Search and Recommendations ...

Resolved
Aug 29 at 13:14 CEST

Postmortem - 2025-08-29

Overview

Earlier today, the search, recommendation, and chat services at api.clerk.io began malfunctioning, returning an InternalError with the message: "An internal error occurred. If you need assistance, please contact our support team."

Timeline:

All times CEST.

09:29 - A dependency update from our APM provider (Application Performance Monitoring) was staged for test and deployment. It contained no behavior changes on our part; dependency updates like these are routinely performed without issue.
09:31 - The update entered the testing pipeline and underwent unit and integration tests.
09:43 - The full testing pipeline was completed with no issues, and a blue/green deployment was started in production. A full set of servers was spun up with the new APM dependency.
09:44 - All new instances reported ready and began taking fractional traffic.
09:49 - No errors were detected in the new instances, and the old instances began spinning down, increasing traffic to the patched instances.
09:50 - An internal Redis server handling data queues showed a rapid—but not critical—rise in memory usage.
09:51 - To avoid crashing, the Redis instance began refusing new write commands.

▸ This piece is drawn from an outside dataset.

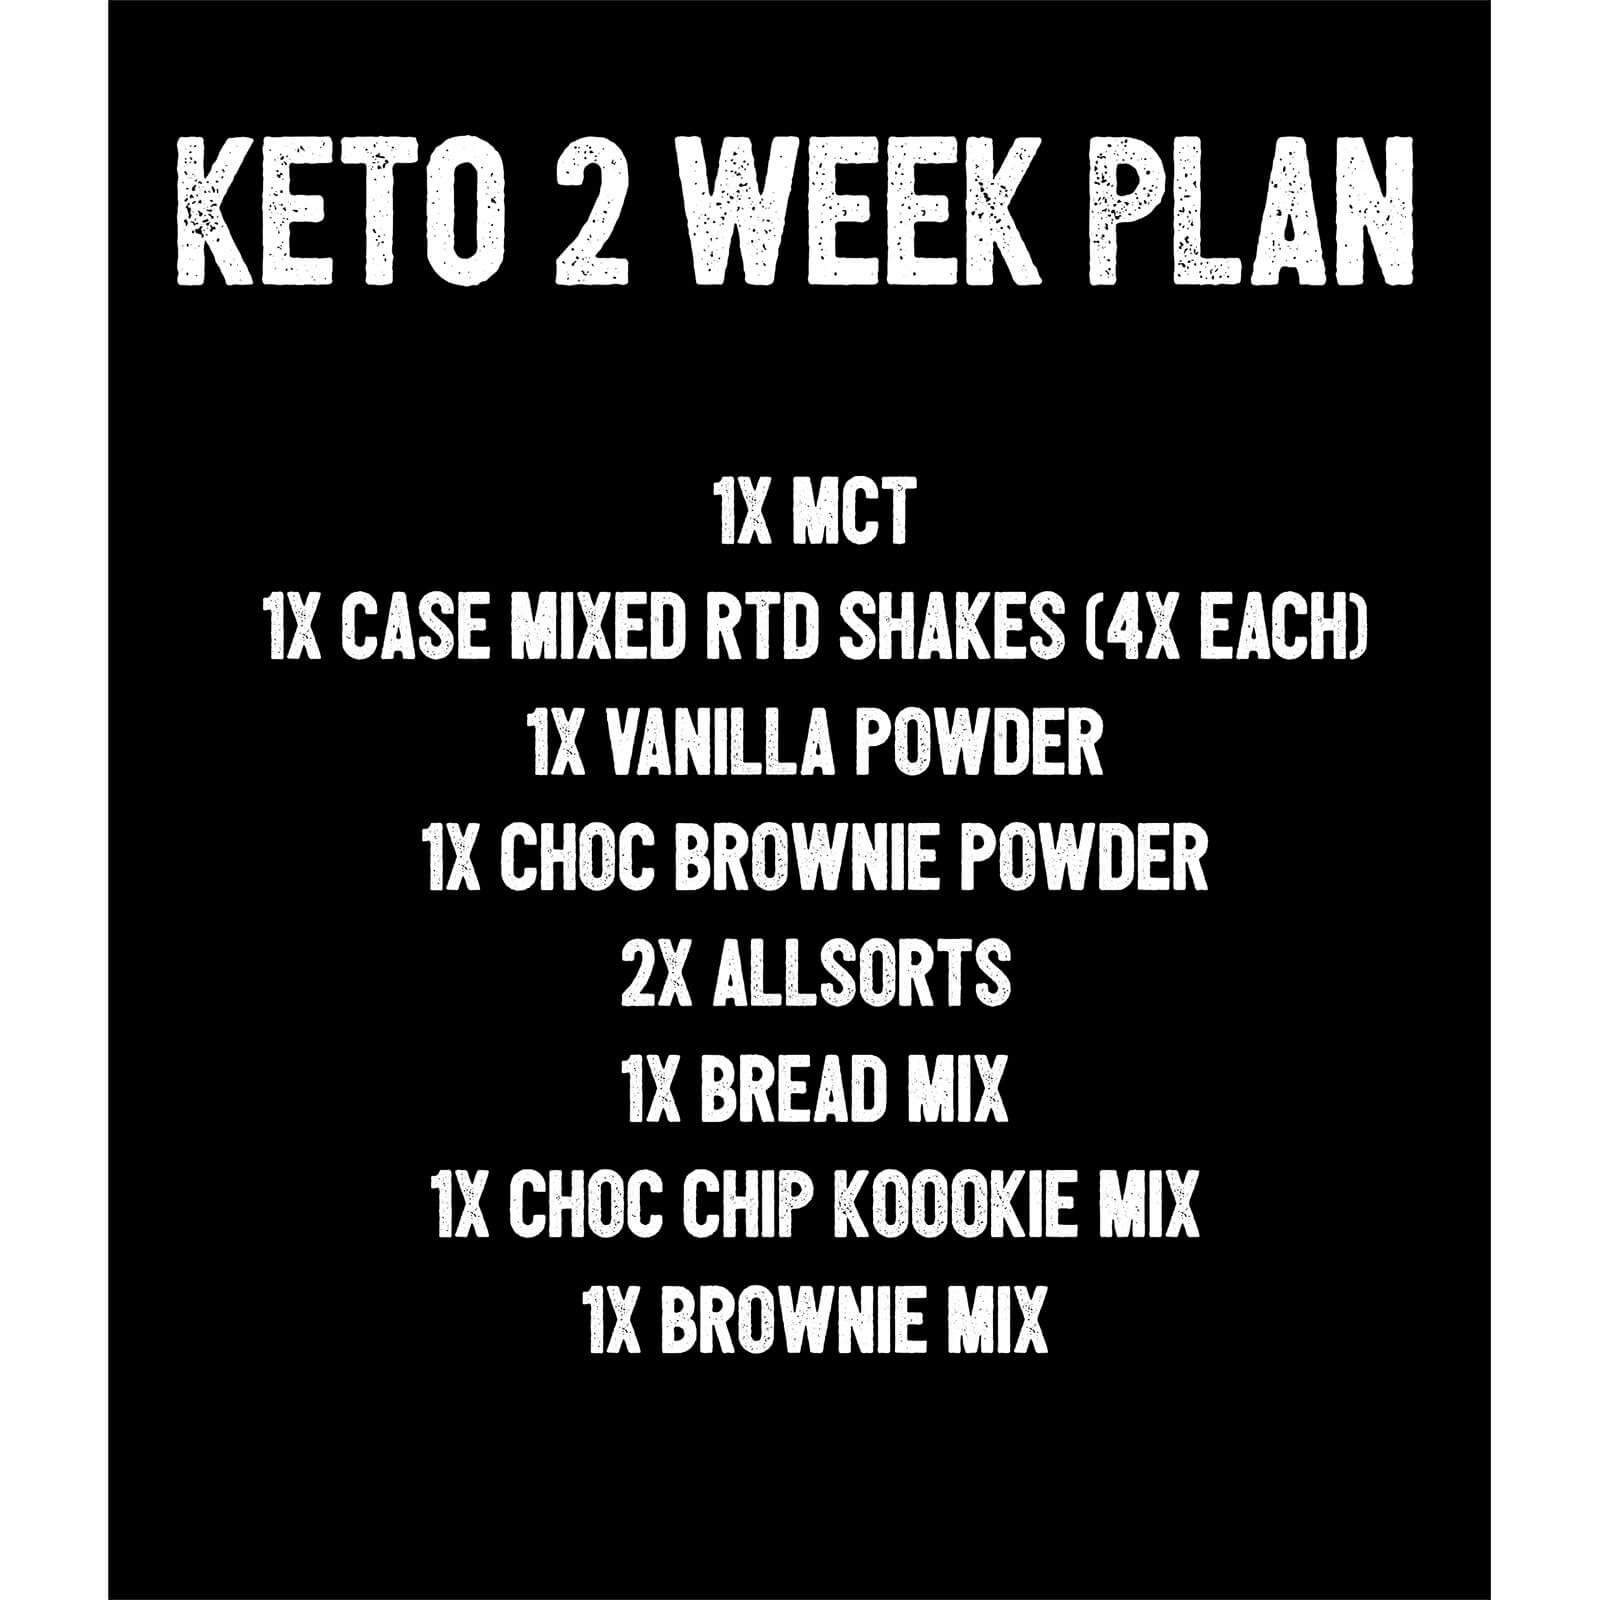 keto 2 week plan, 1x mct 1x case mixed rtd shakes (4x each)1x vanilla powder 2x allsorts 1x bread mix 1x choc chip koookie mix 1x brownie mix

This led to several services that rely on this queue system malfunctioning in unexpected ways.
- Due to the structure of our internal and external monitoring, these issues occurred in a "gap" between automatic monitors and were not reported.
- External monitors use an endpoint that does not rely on visitor or message logging, so they did not report the error.
- Internal monitoring observed Redis closing connections but not out-of-memory conditions, and did not alert.
~10:20 - The issue was reported, and internal escalation began.
10:34 - The issue was identified as stemming from either of two updates, and both were staged for rollback.
10:47 - All code changes were rolled back, and normal operation was restored.

Remediation:

Several measures have been and will be taken to prevent similar issues in the future:

The endpoint used for external monitoring will be modified to be more thorough and to "fail" earlier.
External monitoring will be strengthened with additional requests that actively exercise different features, allowing us to detect issues in specific subsystems.
Internal policy and training for error reporting and escalation will be updated to ensure faster responses to errors reported outside our established monitoring.
The issue cannot yet be reproduced in development; we will work with the APM vendor to reproduce and isolate the behavior in a controlled environment and will update this document with a confirmed root cause.

Updated
Aug 29 at 10:47 CEST

We did a rollback and will investigate further.

Created
Aug 29 at 10:01 CEST

Doing internal updates of dependencies, we encountered a problem that affected some parts of our search and recommendations.
We are very sorry for the inconvenience

Search and Recommendations issues.